Fortunately, the baroque helped me out by proving so convincingly in its own glorious history that size does not always matter. I mean, look at Vermeer. His pictures are about as big as a kid’s exercise book, but what a fierce emotional wallop they pack. And one of my favourite baroque buildings in the world, the church of San Carlo alle Quattro Fontane, in Rome, by Francesco Borromini, is crammed into such a tiny Roman corner that a half-decent long-jumper would easily clear the entire complex: church, sacristy, monastery and cloister.

That said, the baroque definitely liked bigness. Some of its most spectacular achievements, from Padre Pozzo’s illusionistic heaven in Sant’Ignazio, in Rome, to the huge, militaristic facade of Blenheim Palace, behind which Winston Churchill was born, are XX Large. The quest, therefore, was to identify a defining quality, and to understand how this defining quality could lead to a massive, nude-strewn Rubens ceiling at the same time as it gave us a tiny still life of a cabbage and a lemon by the quiet Spanish genius Juan Sanchez Cotan. What drove the baroque? What united its madly varied international strands?

To answer that, I went back to the start and stared my eyes out at Caravaggio. Whatever Caravaggio was trying to do, I reasoned, the baroque in general was probably trying to do.

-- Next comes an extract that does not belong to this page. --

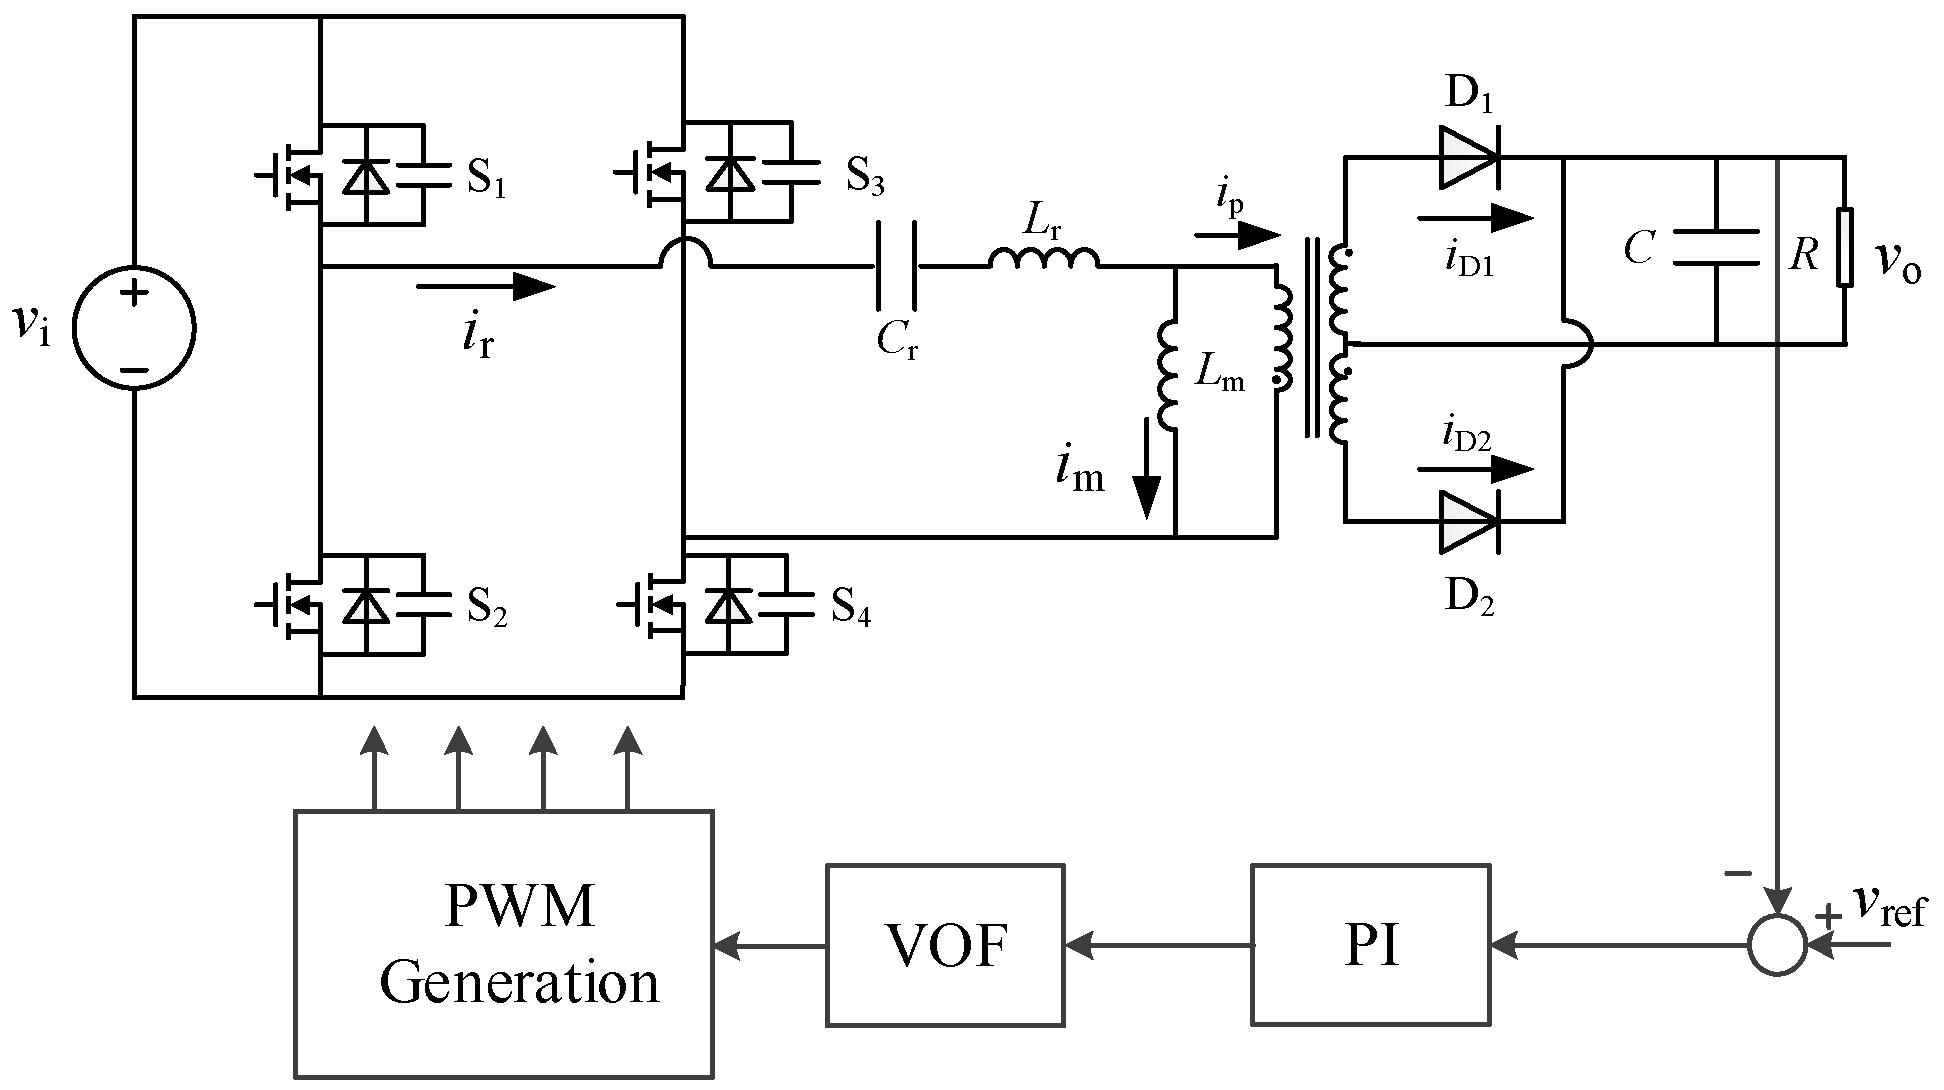 1000v motor wiring diagram

Now, the problem with Caravaggio is that the modern world has misunderstood him grotesquely. Ever since Derek Jarman whipped off his top in a ravishing but thoroughly misleading film biography, Caravaggio has been mistaken for a knife-loving, sadomasochistic Roman crazy. It’s a classic case of exporting crude modern preferences into the past. If, however, you look properly at Caravaggio’s Supper at Emmaus in the National Gallery, or the soulful Madonna di Loreto in Sant’Agostino, in Rome, you clearly find yourself in the presence of an intense and proselytising Catholic believer: a religious genius who hunts you down with predatory skill.

By setting his action in the shadows of the night, by using real people for models, by making his saints so touchable, Caravaggio plucks religious art out of the middle distance and shoves it under your nose. First he gets close to you, then he gets into you.

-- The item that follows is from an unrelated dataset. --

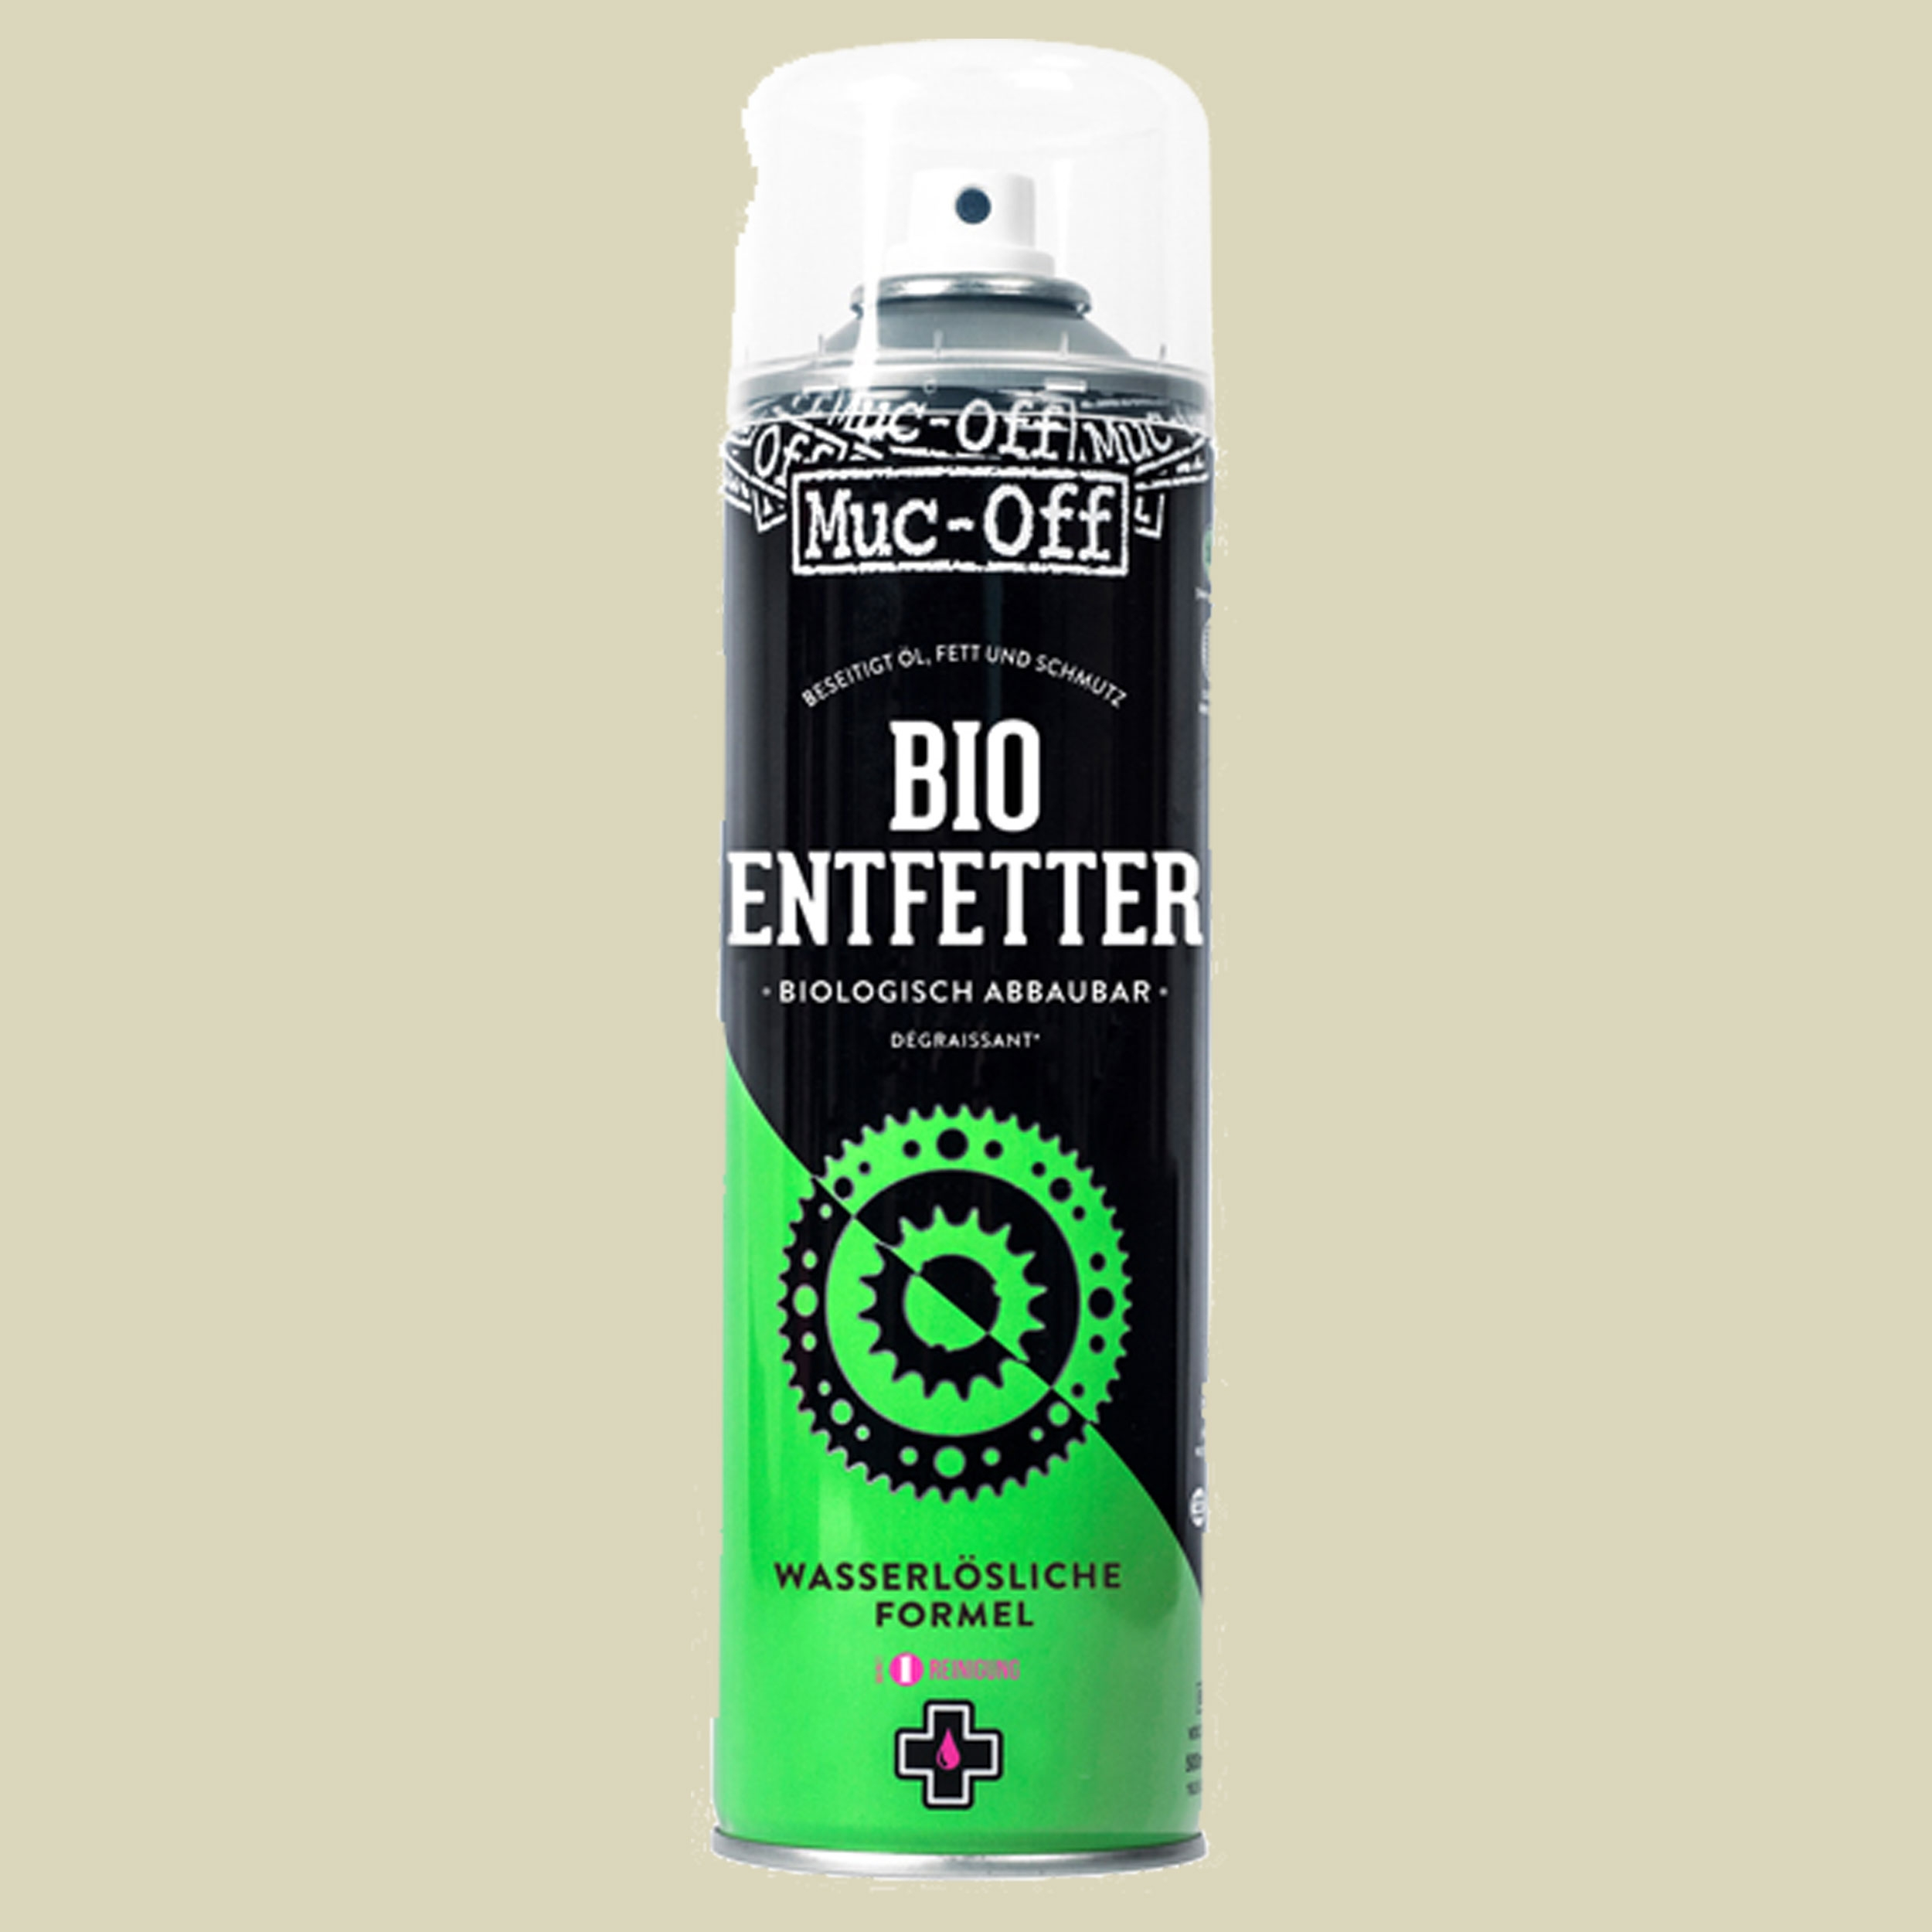 Muc-Off Bio Entfetter De-Greaser Aerosol 500 ml Entfetter Fahrrad

This revolutionary approach — the opening salvos of the baroque — can be traced back to the great Catholic council that convened in northern Italy in 1545 specifically to find ways of battling Protestantism. The Council of Trent had as its overriding aim the reconquest of the Christian soul. It specifically instructed Catholic artists to involve themselves in this struggle. Yet it wasn’t until Caravaggio finally appeared, half a century later, that a genius of the appropriate heft actually took up the cudgel.

You may be wondering what any of this has to do with St Paul’s, or Vermeer, or a Spanish still life? A lot, as it happens. When the Council of Trent urged its artists to involve themselves in the hunt for the human soul, it was actually urging them to grab an audience. Earlier art movements were merely concerned with producing the best art; the baroque needed also to have that art noticed. And there are, of course, different ways of getting noticed.

The baroque liked big things because big things are unmissable. Rembrandt comes over all vulnerable on us because vulnerability presses our sympathy button. Padre Pozzo’s huge illusionistic ceilings wow us with their miraculousness. Velazquez's royal portraits play psychological ping pong with us, confronting us with kings so present, we can touch them.

As the baroque spread and drifted and expanded, it forgot the origins of its religious message and began working for emperors as well as popes, Protestants as well as Catholics. The ideas that drove it proved useful in all manner of hands. And the arts, I suggest, have also never forgotten that driving idea: if you want people’s attention, you need to grab it."